Here's my current code:
int gcd(int a, int b)
{
if (a % b == 0)
return b;
else
return gcd(b, a % b);
}
int solution(int N, int M) {
// Calculate greatest common divisor
int g = gcd(N, M);
// Calculate the least common multiple
long m = N * M;
int lcm = m / g;
return lcm / M;
}
You are computing g=gcd(N,M), then m=N*M, then lcm=m/g, and finally returning lcm/M. That's the same as returning N/gcd(N,M). You don't need those intermediate calculations. Get rid of them. Now there's no problem with overflow (unless M=0, that is, which you aren't protecting against).
int solution(int N, int M) {
if (M == 0) {
handle_error();
}
else {
return N / gcd(N,M);
}
}
To begin with, change:
long m = N * M;
int lcm = m / g;
To:
long long m = (long long)N * M;
int lcm = (int)(m / g);
In general, you might as well change every int in your code to unsigned long long...

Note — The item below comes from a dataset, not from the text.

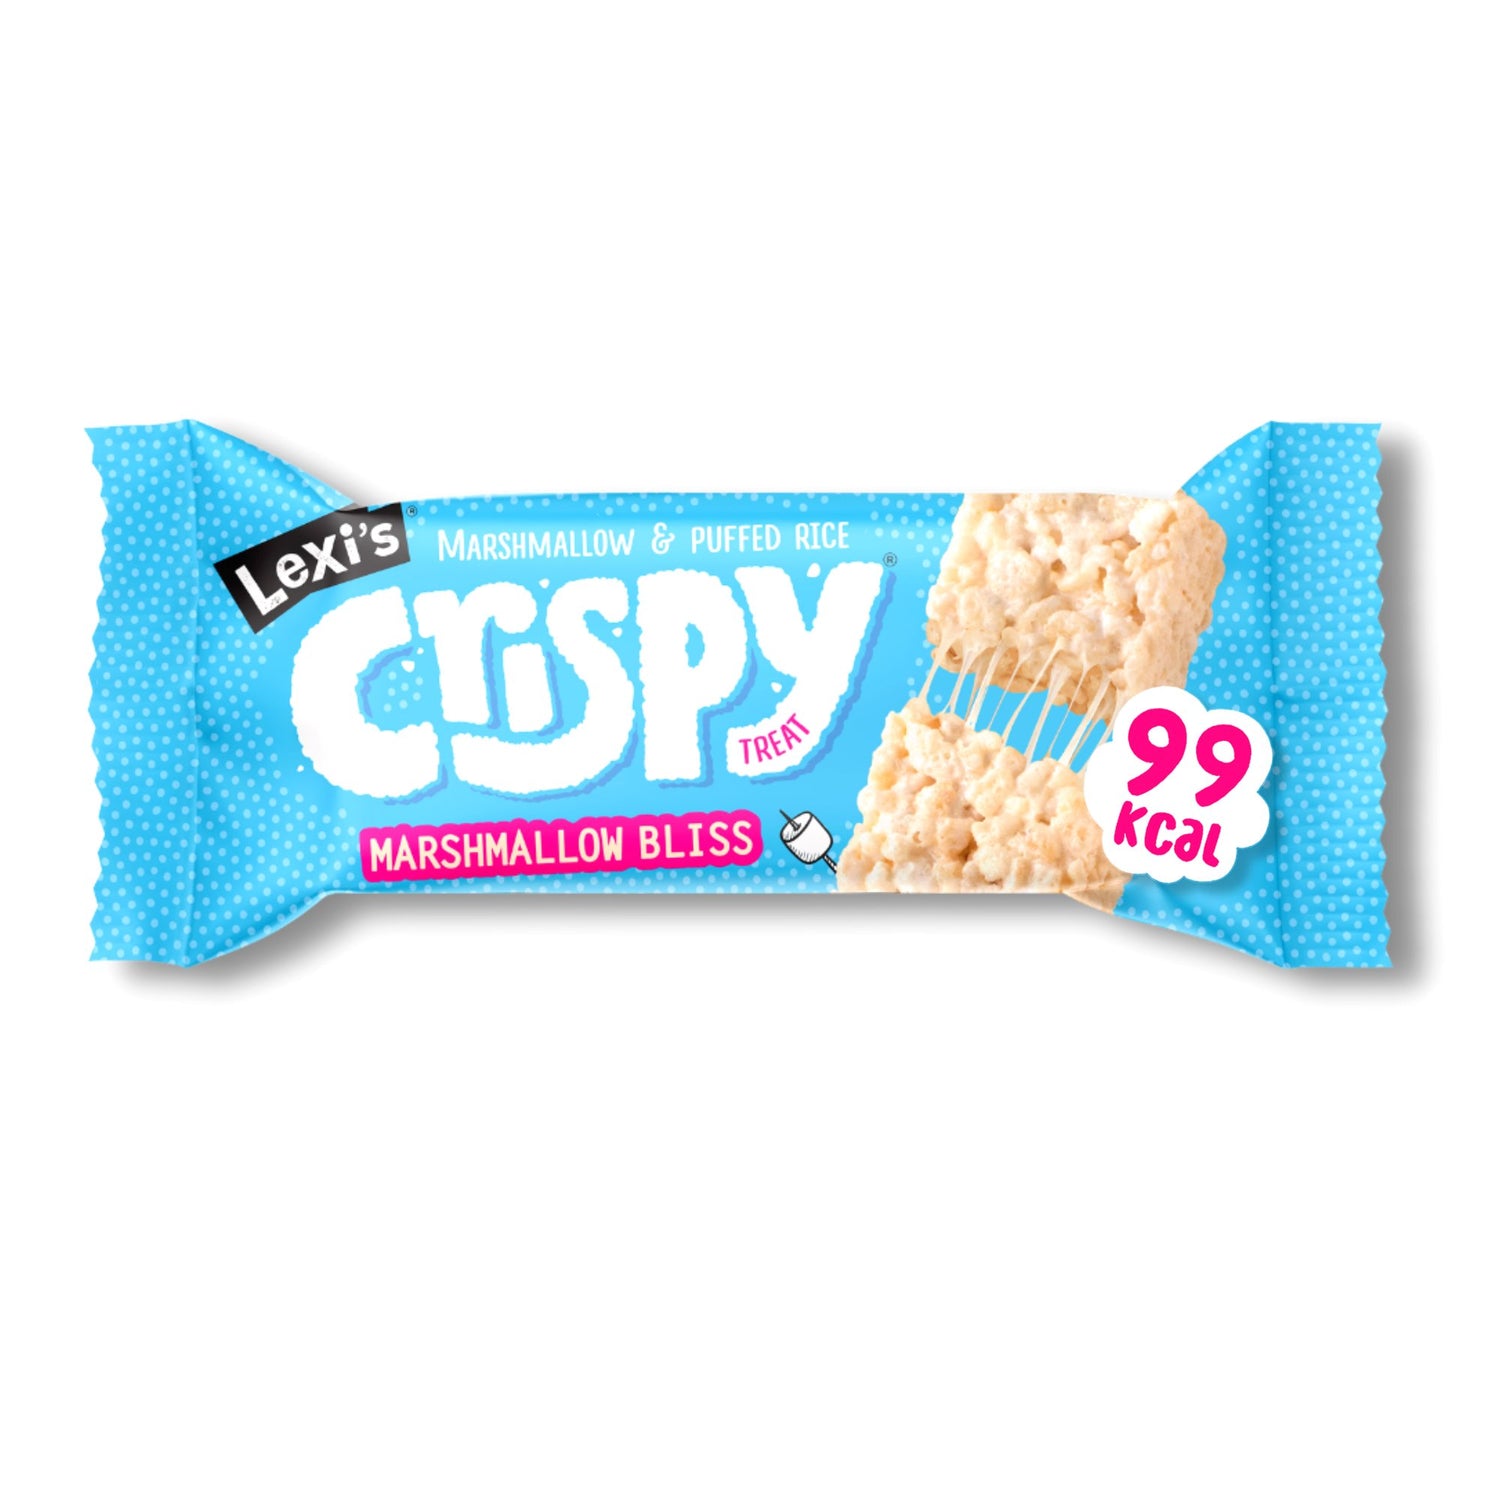 Lexi's Ooey Gooey Crispy Treats! 99 Calories x 3 flavours - theskinnyfoodco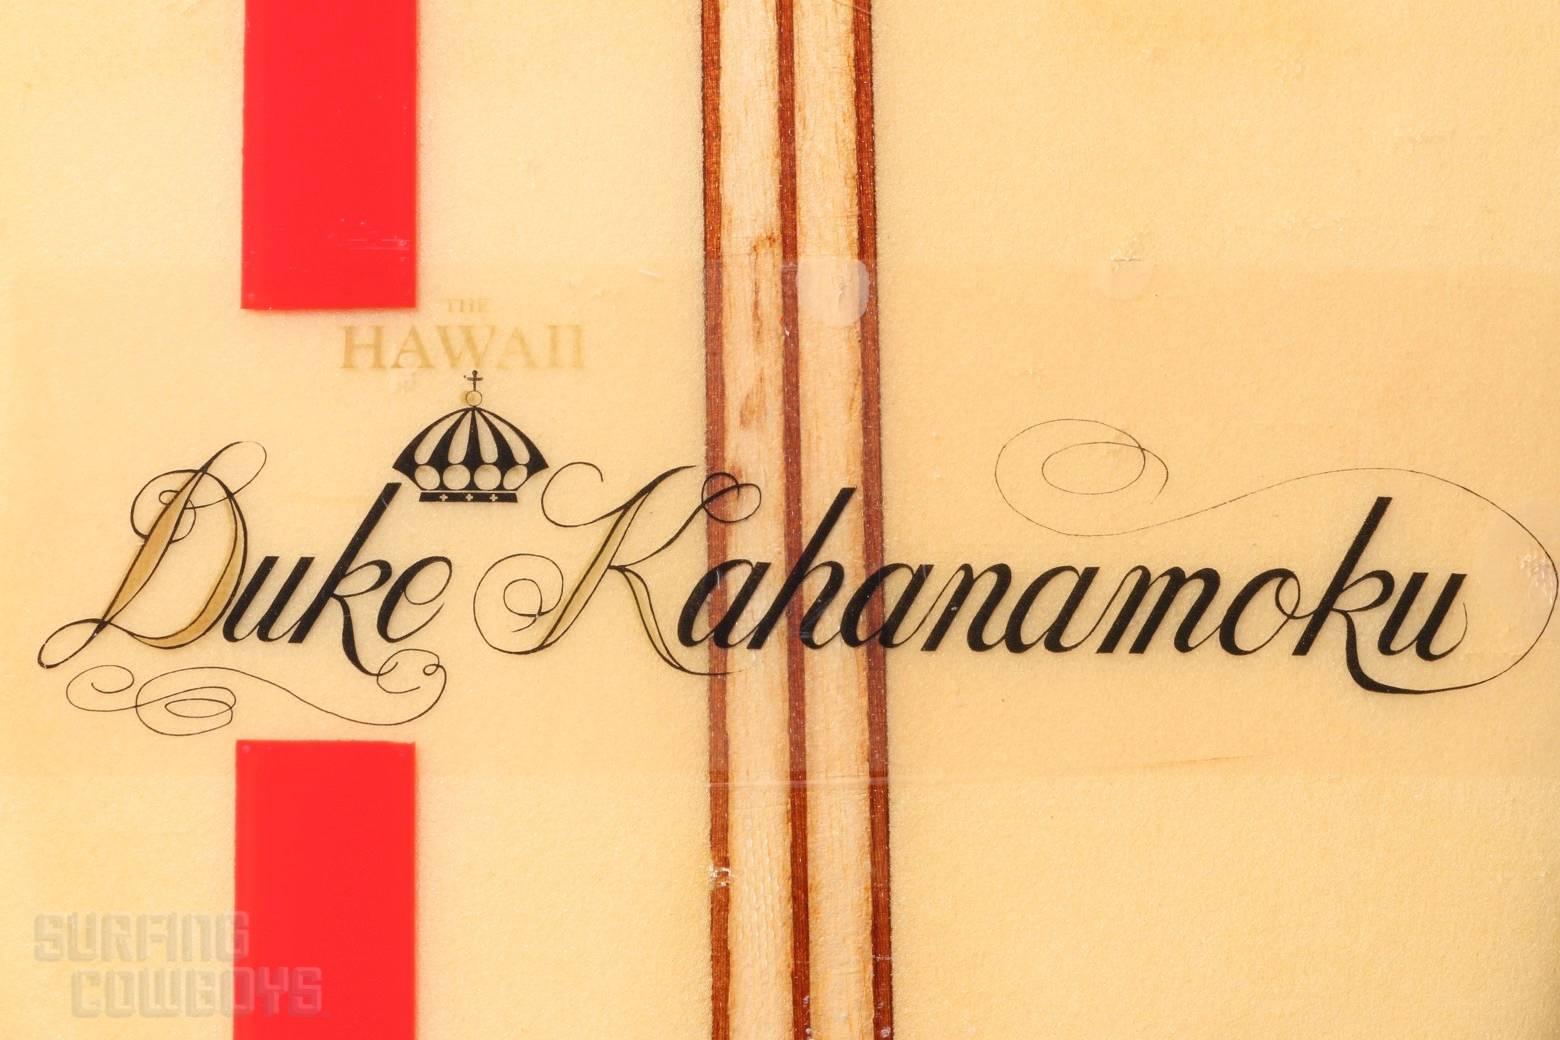 Fiberglass Original Duke Kahanamoku Longboard Surfboard with Red Stripes circa 1965

But if you have some BigInt class at hand, then you might want to use it instead.
Here is one for free: http://planet-source-code.com/vb/scripts/ShowCode.asp?txtCodeId=9735&lngWId=3
It stores a natural number of any conceivable size, and supports all arithmetic operators provided in C++.
The problem is in long m = N*M.
The multiplication takes place as 32 bit integers only. Since both are of int type, overflow occurs.